Dynamic tone mapping raises the brightness of parts of the screen that should stay dim according to the Hdr curve. How can you say that is not interfering with creators intent
Because HDR reference level is on a HDR mastering monitor, not our TVs because although they can get to reference black (on an OLED) they are not getting anywhere near the lumen counts needed which HDR mastering monitors have; and dependant on the content and what peak lumen counts they've used, things can get VERY messy. Especially video games where some HDR implimeentations use sky high target nit counts which no display can attain.
SDR reference is easy to attain because we know the peak lumen output of the display used to master it.
HDR however is a total mess. Its mastered on a monitor which us mere mortals don't have. This is why dynamic tone mapping is so useful. In reality, none of us can afford or have the luxury of a display to do reference HDR but we do have displays which can do reference SDR.

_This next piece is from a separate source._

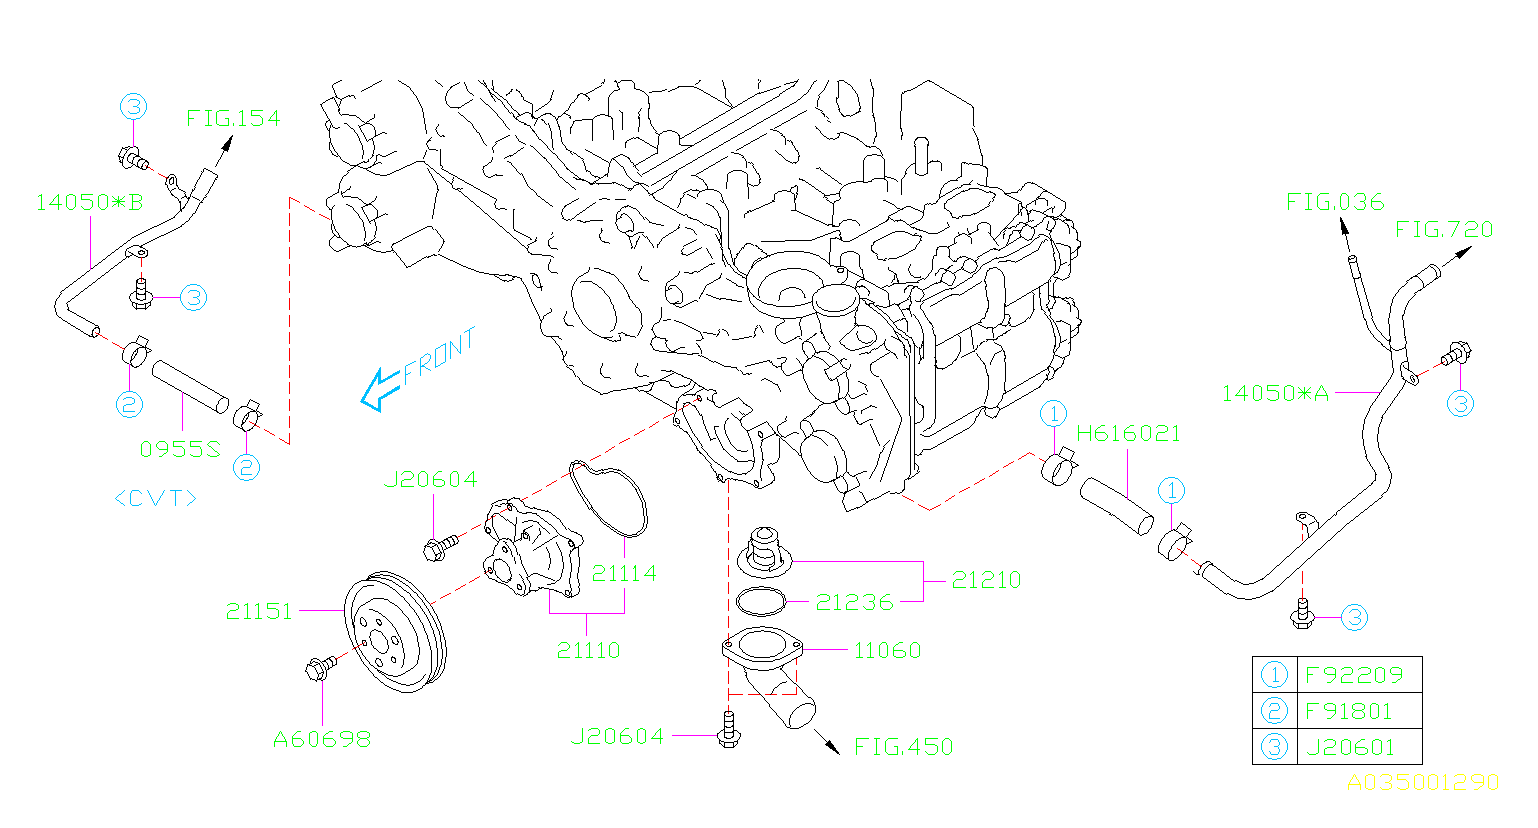 Subaru Forester Engine Coolant Hose - 09551D100 ...

DTM takes the DPL and targets a specific target dynamic nit count and adjusts colours accordingly. It'll actually get CLOSER to a reference image if the DTM solution is good compared to without.
DTM does not simply over brighten and over darken certain areas. It uses the HDR metadata and applies it to your displays capabilities.
For example, MADVR in dyanmic tone mapping is uses your display target peak luminance and dynamic tone mapping target nit count to calibrate the image to your displays capabilities. Thats what LG, Sony et al are doing too. Otherwise without DTM, HDR images will look very dim in certain situations.
Now... if we are talking about DTM relavant to LG specifically; I don't think the quality of their dynamic tone mapping is that amazing. I'd prefer using a MADVR HTPC, a MADVR video processor or a Lumagen video processor to do the tone mapping but it obviously gets expensive.